Le Haut-commissaire à l'Enfance, qui avait été initialement promis "pour janvier" par Emmanuel Macron, sera nommé "dans les semaines qui viennent, je pense une ou deux semaines", a déclaré Catherine Vautrin lors de cette audition, précisant qu'elle gardera bien au sein de son large ministère "la responsabilité de la politique de l'enfance".
Le décret de nomination du Haut-commissaire à l'Enfance a été publié le 11 février au Journal officiel. Le nom du Haut-commissaire devait initialement être annoncé dans la foulée en conseil des ministres mais aucune indication n'a filtré depuis, même si le nom de l'ancienne ministre Sarah El Haïry revient avec insistance. L’élue Modem de Nantes a été, au sein du gouvernement Attal en 2024, ministre déléguée en charge de l’Enfance, de la Jeunesse et des Familles rattachée au (déjà) grand ministère de Catherine Vautrin.
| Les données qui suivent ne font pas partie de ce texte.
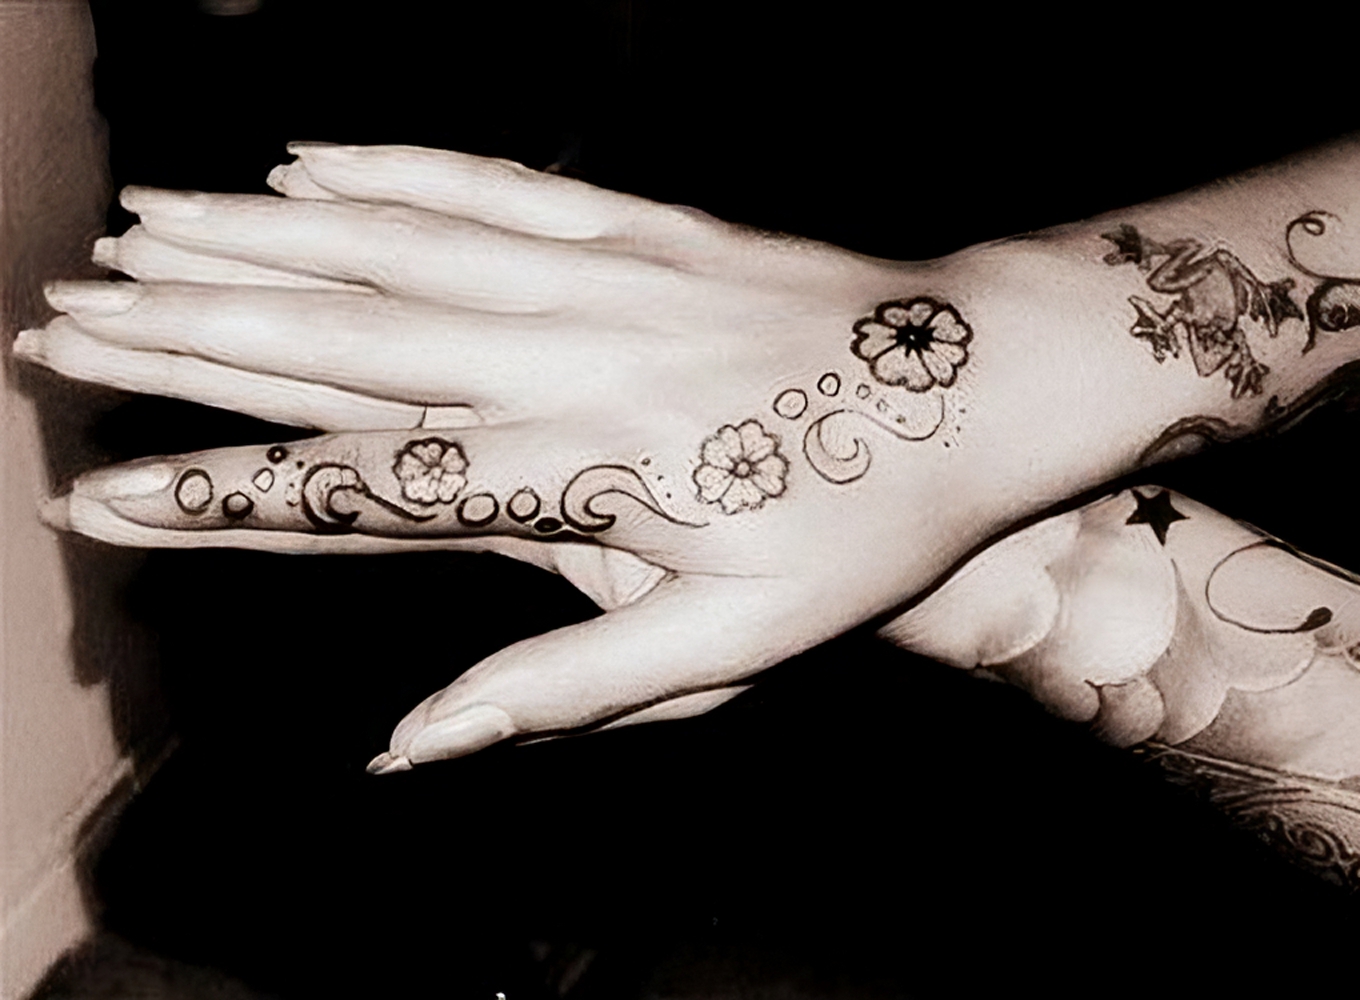 Handgelenk Tattoo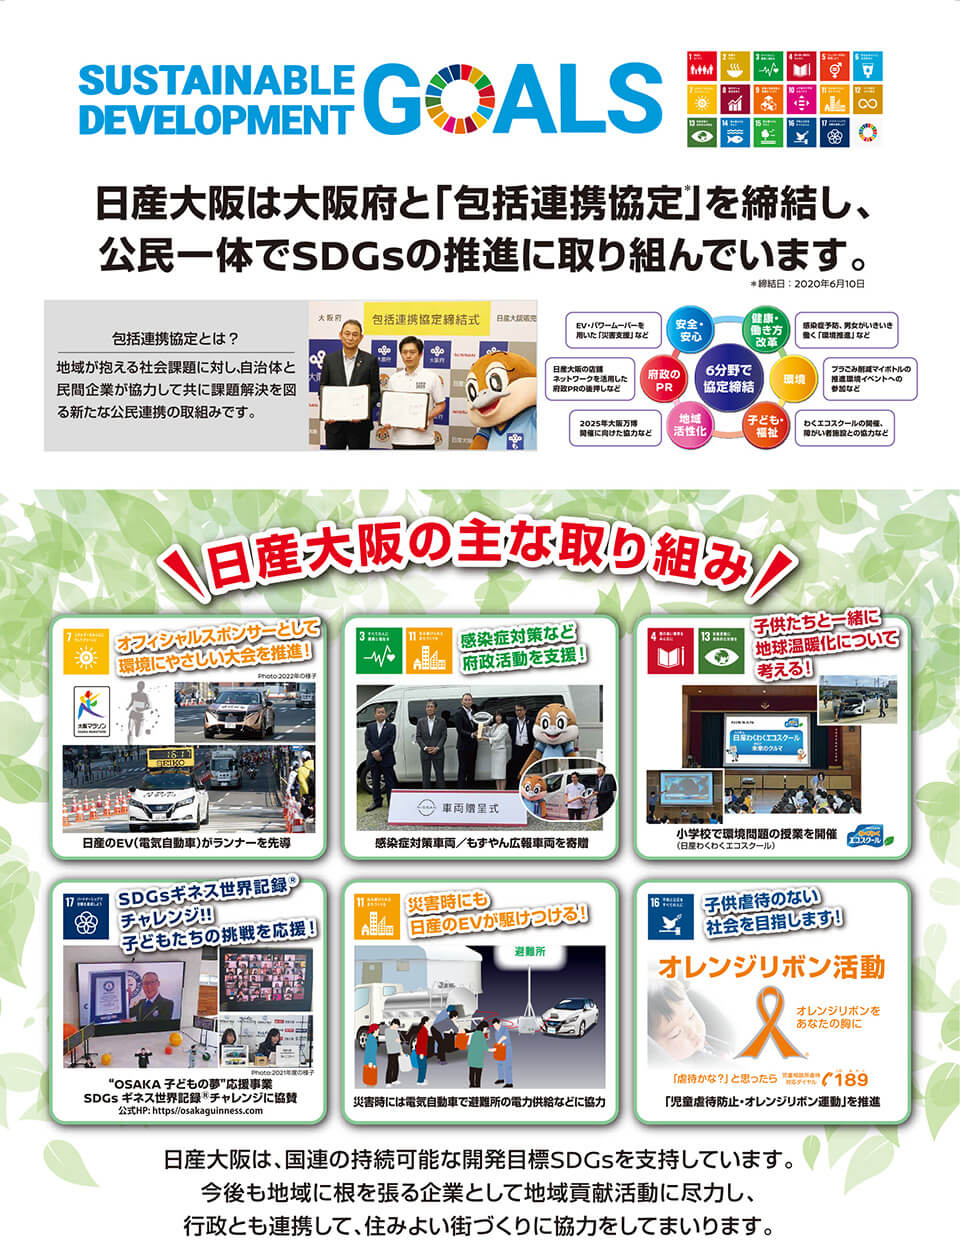 日産大阪は大阪府と連携・協働し、地域の活性化及び府民サービスの向上を図ります！

Elle avait été précédemment secrétaire d’État chargée de la jeunesse et du service national universel (2022-2023) puis brièvement de la biodiversité.
Les acteurs de terrain craignent notamment que l'option d'un Haut-commissariat n'apporte pas la même garantie "en matière de prérogatives gouvernementales ou dans les moyens humains et financiers pour mener des politiques ambitieuses" qu'un ministère délégué ou secrétariat d'Etat dédié.
En outre, hypothèse d’un rattachement au Premier ministre n’a pas été retenue. Le décret indique en effet que le futur Haut-commissaire sera placé "auprès du ministre chargé de l'enfance", autrement dit Catherine Vautrin, et sera "en lien avec le ministre de l'Éducation nationale et le ministre de la Justice".
"Le haut-commissaire à l'enfance apporte son concours à la définition, la coordination, la promotion, la mise en œuvre et l'évaluation des politiques conduites en matière d'enfance, en particulier en matière de protection de l'enfance, de santé de l'enfant, de soutien à la parentalité, d'adoption, de petite enfance et d'accueil du jeune enfant" et "contribue également à l'élaboration et à la mise en œuvre des politiques conduites à l'égard des professionnels de l'enfance", selon le décret. Ce dernier liste les missions du haut-commissaire : conduite de la concertation et du dialogue avec les acteurs ; coordination des travaux au niveau interministériel ; propositions d’orientations en matière de protection de l’enfance (lutte contre les violences, renforcement de l’action de l’État, amélioration de l’accueil, promotion du bien-être et de la santé des enfants, protection dans le champ du numérique…) ; suivi et évaluation des politiques engagées.